Gideon Wolf

Gideon Wolf, Diagram

Gideon Wolf’s two albums to date, “Paper” and “I Am Wolf”, have showcased two quite different sides to the artist also known as Tristan Shorr. “Paper” was a largely neo-classical album, with distinctly abstract, drone leanings. “I Am Wolf”, on the other hand, turned the focus to the vocals and songwriting that made tentative appearances in “Paper”, whilst adding much more direct electronics and beats. “Diagram”, a new EP for Time Released Sound (a late addition to their chocolate box series), in some ways represents a connecting of the dots between these two very different albums.

The piano, prominent on “Paper”, is very much back; indeed, it is the nominal focus of the short collection. Playing long, languid chords and often heavily treated, it fits well alongside other Time Released Sound albums of crystalline ambience by Sonmi 451, Monolyth & Cobalt, Mikael Lind and others. On ‘Wire’, the instrument rings out every few seconds or so, shuddering into lengthy reverberations. For the rest of the EP, the piano follows pretty much that same path of sonorous rings. At the end of ‘Line’ is a melodic figure of short pairs of high notes like ice cracking, but that is the exception rather than the rule. ‘Diagram’ sees a little more dynamic activity, as the keys rise and fall in waves of ever increasing size, at first keeping pace with the billowing ambience, but eventually overcome by it. It’s a busy ambience, with lots of drones jostling for attention, and it continues uninterrupted until the last couple of minutes of the piece, when the bottom end drops out to allow the piano for a final look in. There’s nothing quite as dynamic as “Paper”, nor quite as bold, but nevertheless there’s a certain weight, a certain heft, to the piano that Shorr makes good use of, and which gives “Diagram” something a bit more than the everyday ambience that the EP can initially resemble.

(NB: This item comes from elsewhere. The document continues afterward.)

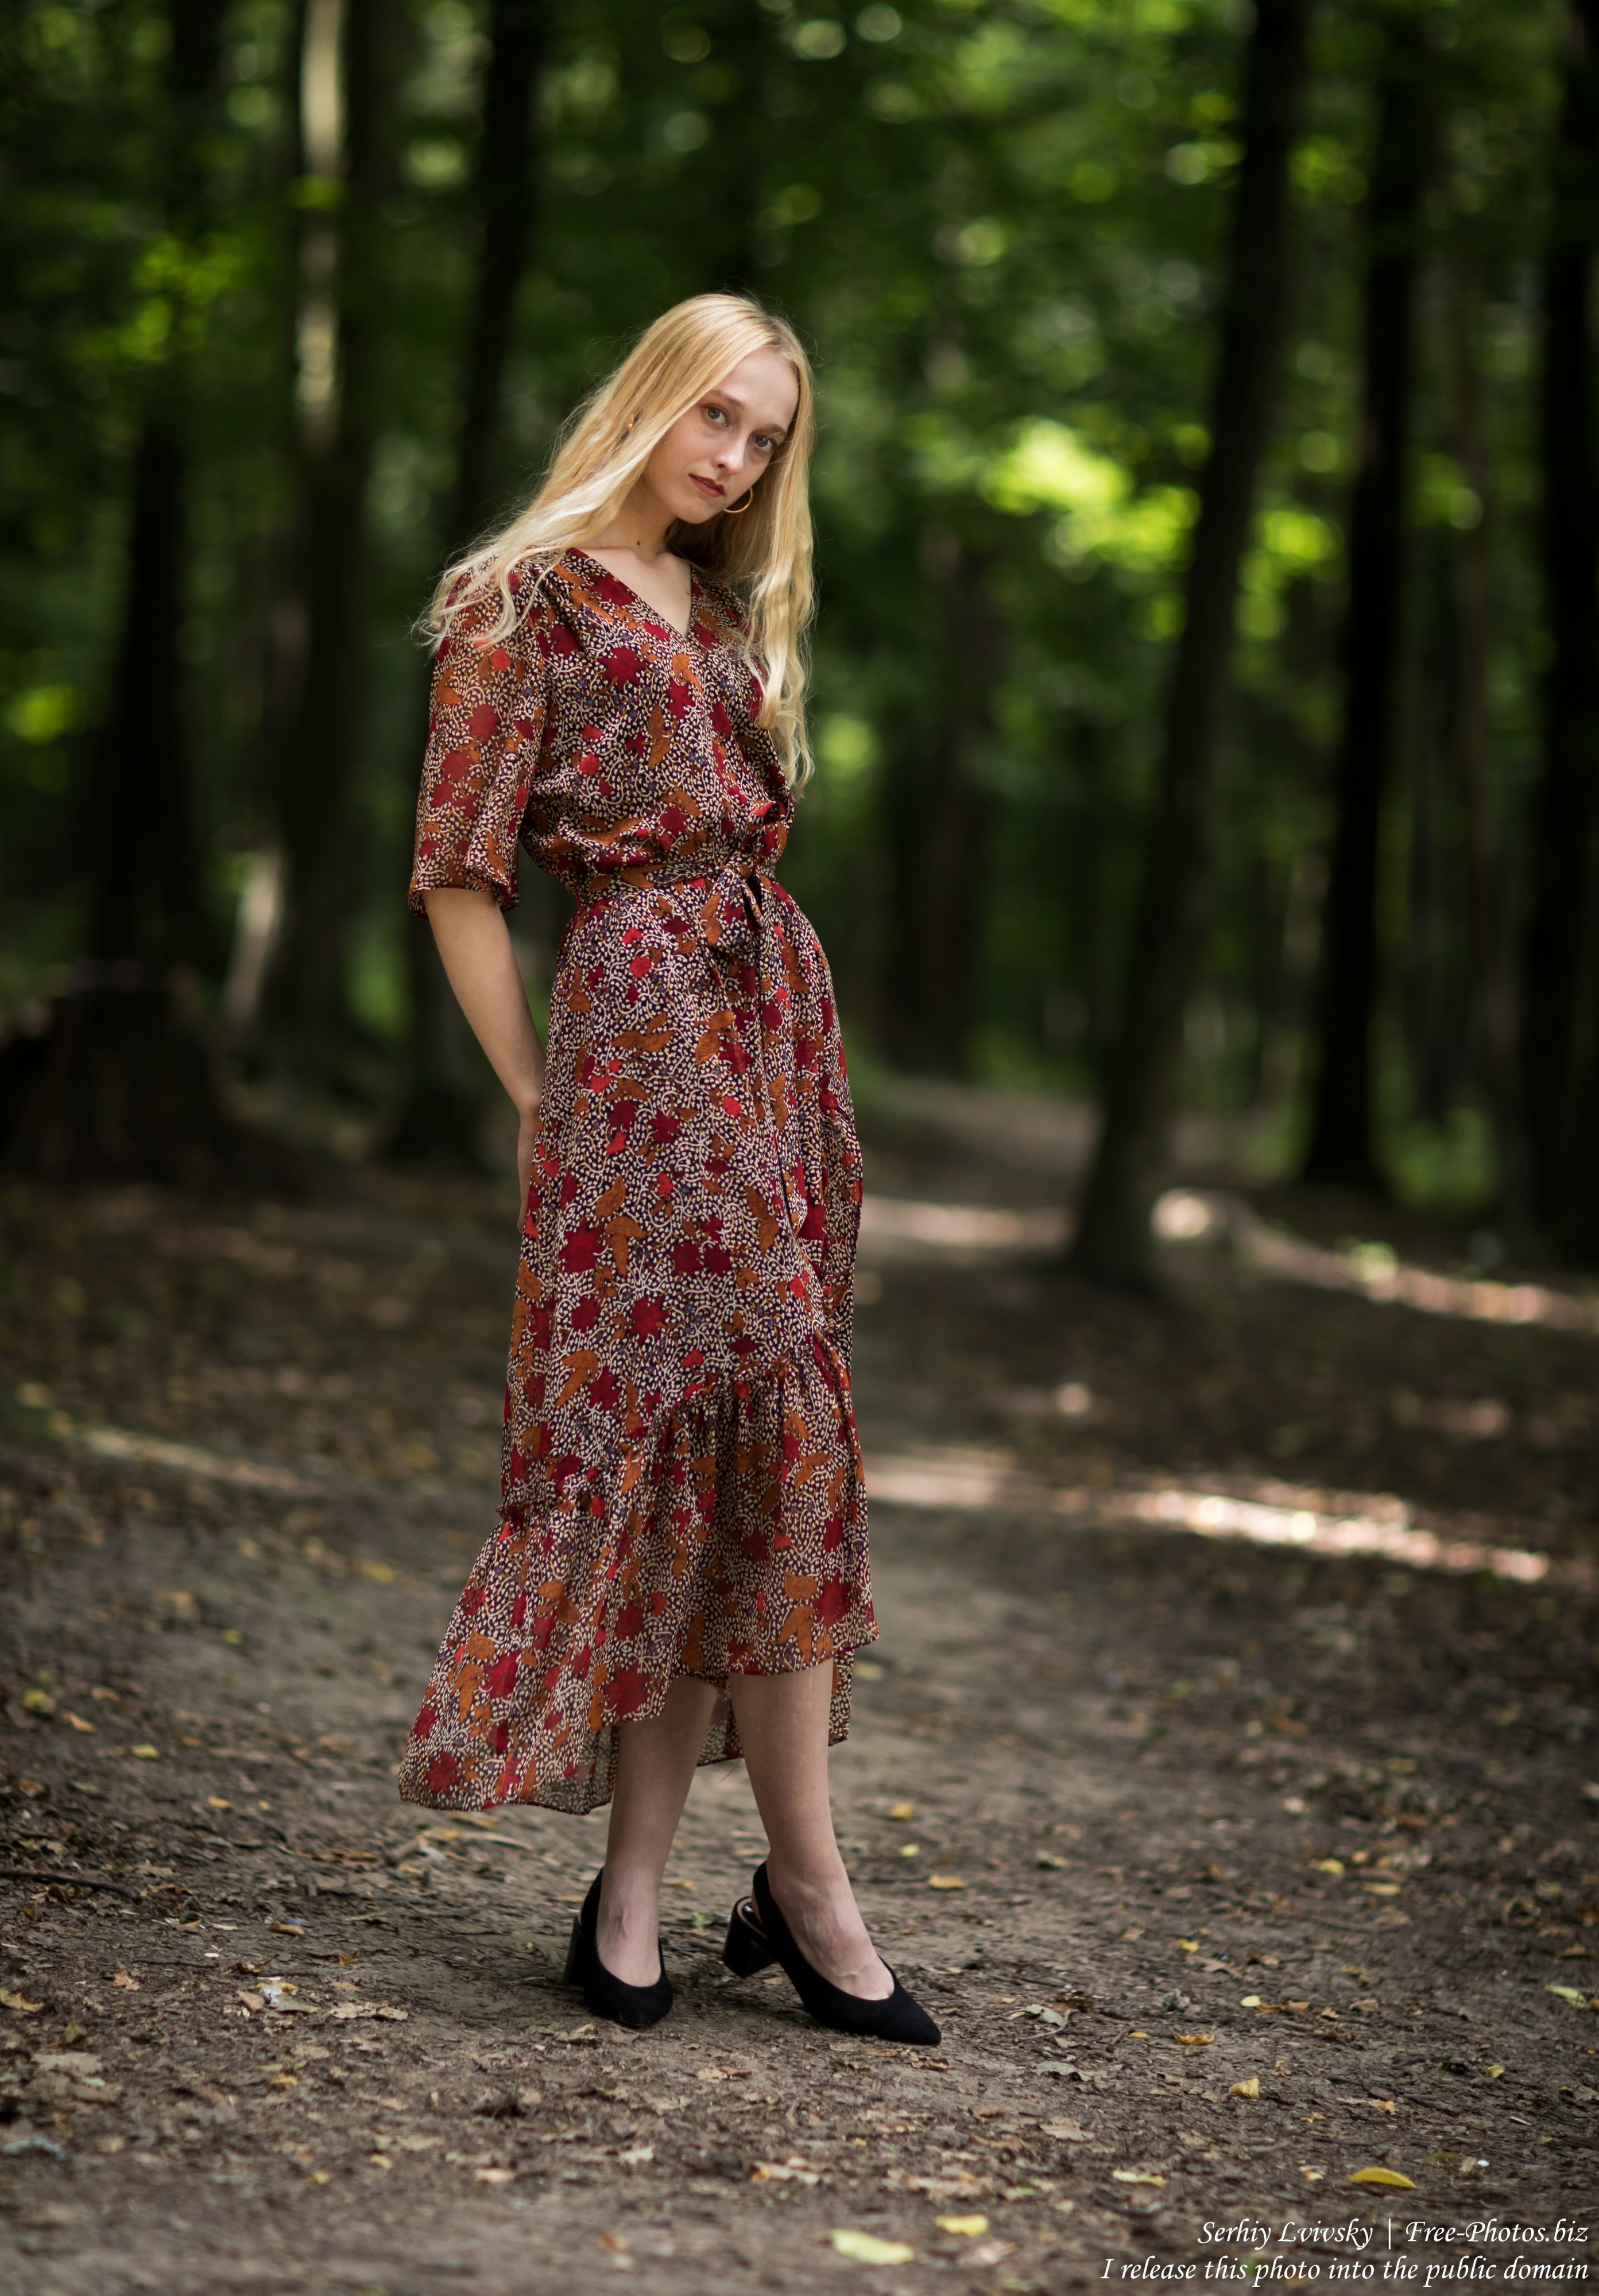 Photo Of Sonya A 21 Year Old Natural Blonde Girl Photographed In July 2019 By Serhiy Lvivsky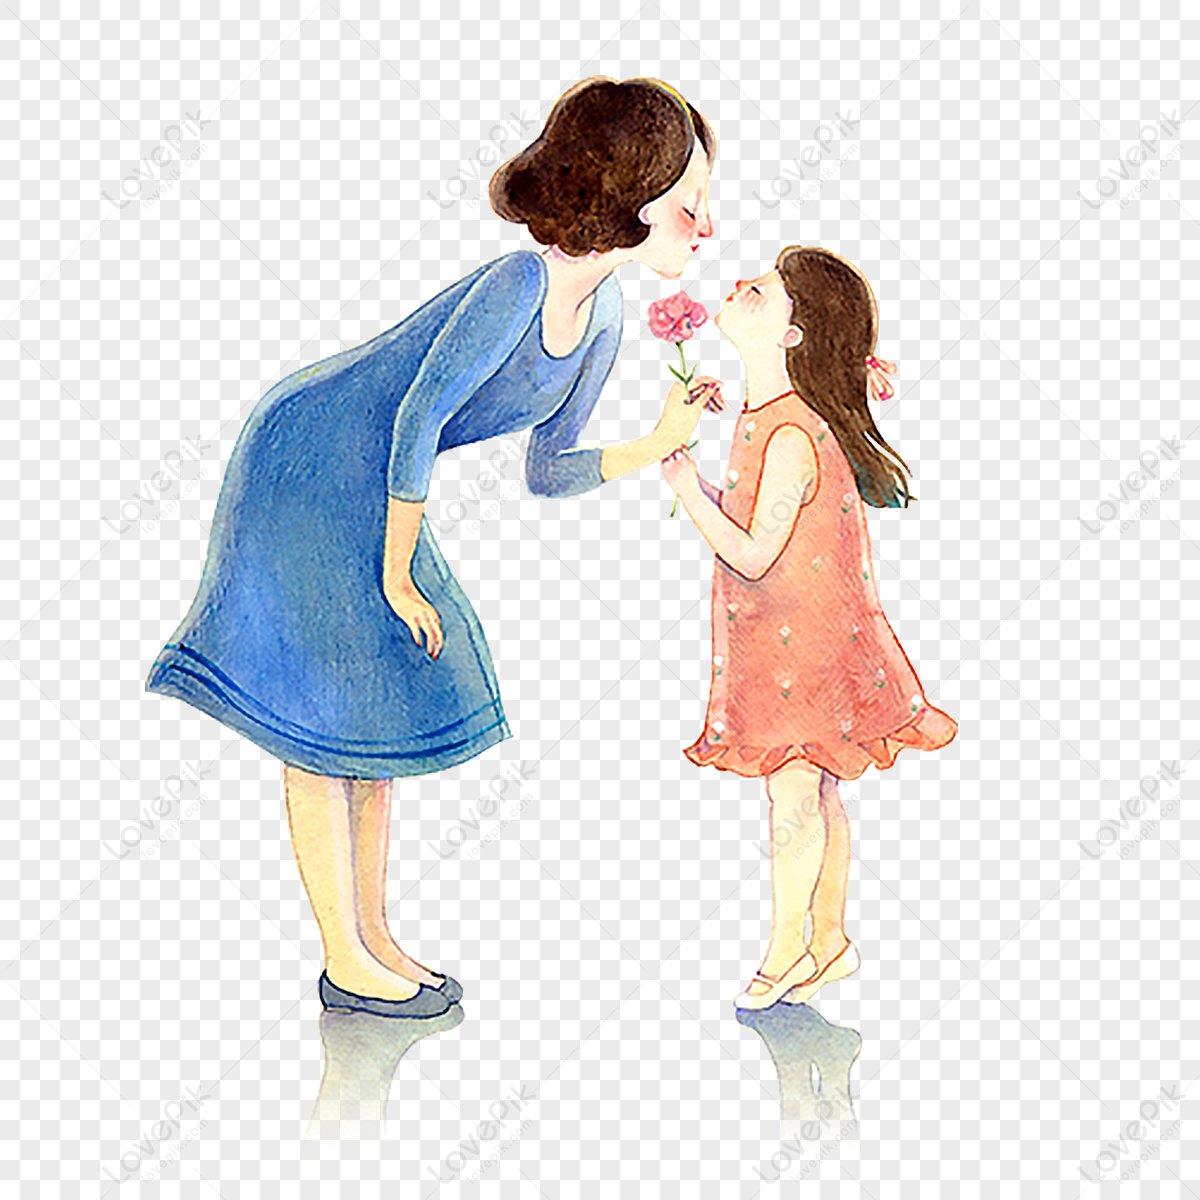 Spanish Mother Day Greeting Stock Illustration - Download Image Now - Day,  Mother, Text - iStock

Similarly, the electronics turn out to be dirtier and more unstable than on “I Am Wolf”. ‘Wire’ opens with a drone that appears to have no edges at all, and a pulsing lo-fi rattle fill out the track pleasantly enough. But a stretch of feedback towards the end upsets things somewhat. By the time of closing track ‘Vanishing Point’, feedback, bristling waves of distortion and something that sounds almost like a knife being sharpened make up the main body of the electronics. That the final result doesn’t sound quite as ferocious as it does on paper only makes it the more disquieting, particularly given the EP’s calm, piano-ambience set-up.

There’s nothing as direct or as easy to hang on to as on “I Am Wolf”, but that isn’t necessarily a bad thing. “Diagram” is a slipperier character, with elements of Gideon Wolf’s two guises so far, but ending up as its own being as well. The upshot of that is that instead of solidifying an identity like it initially suggests it might, the EP adds new possibilities instead. While this is perfectly fine and interesting for a short, twenty minute collection, Shorr might have to settle somewhere for his next full-length.